Decisión trascendental que remarca el choque de posiciones en el seno de la Iglesia. Por un lado, Pio XI no justifica el “asesinato directo del inocente” aunque comprometa la vida de la madre (Encíclica sobre el matrimonio cristino). Y en Carta a la Sociedad Católica de Comadronas, escribe Pío XII: El feto “recibe el derecho a la vida directamente de Dios. Por consiguiente, no existe hombre, ni autoridad humana, ni ciencia, ni indicación médica, eugenética, social, económica o moral que (permita disponer de la vida) de un inocente”. Por otro lado, el Catecismo Católico prohíbe matar a un inocente, pues la vida humana es sagrada, creación divina.

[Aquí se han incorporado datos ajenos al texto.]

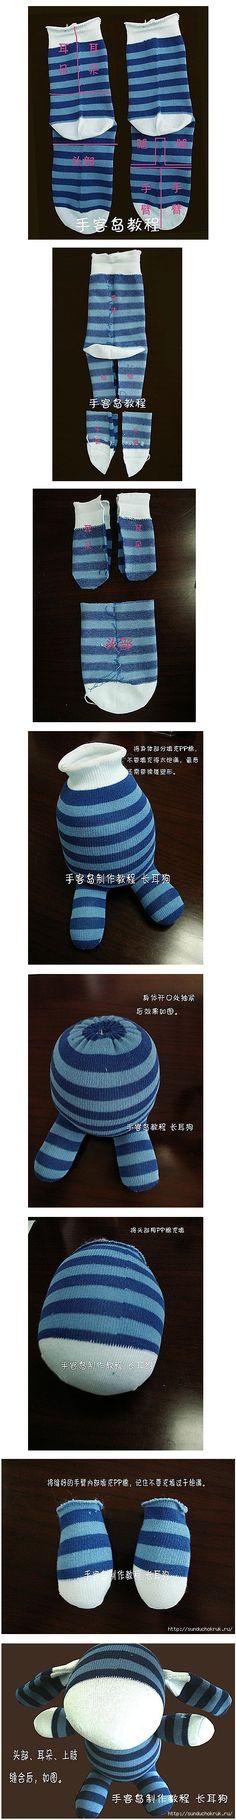 muñeco de calcetin

Pero admite excepciones como la de la legítima defensa. Ya en este espacio citábamos el Artículo 2264 que consagra el amor a sí mismo como principio esencial de la moralidad, de donde se desprende el legítimo derecho de hacer respetar la vida propia. No es homicida el que por defender su vida se ve obligado a eliminar a su agresor. El Código de Derecho Canónico señala atenuantes para la persona que así actúa, si movida por el miedo o por necesidad o para evitar un perjuicio grave. No es la vida un absoluto que peda resolverse en blanco o negro. Para el caso del aborto, sólo cuenta la conciencia de la mujer.
La moral privada del aborto cobra dimensión social y de salud pública. De allí la importancia de la controversia ideológica. Manifestaciones al canto, el irresponsable recurso al aborto como medio de control natal. O, en el extremo opuesto, el sabotaje al aborto terapéutico que se resuelve en práctica clandestina y es causa de muerte de miles de mujeres acorraladas por la pobreza y la violencia. En el trasfondo, el pugilato entre posiciones encontradas a las cuales no escapa la Iglesia. Bien haría ella en reconocerlo, si aspira a sobrevivir como institución espiritual para un mundo de carne y hueso.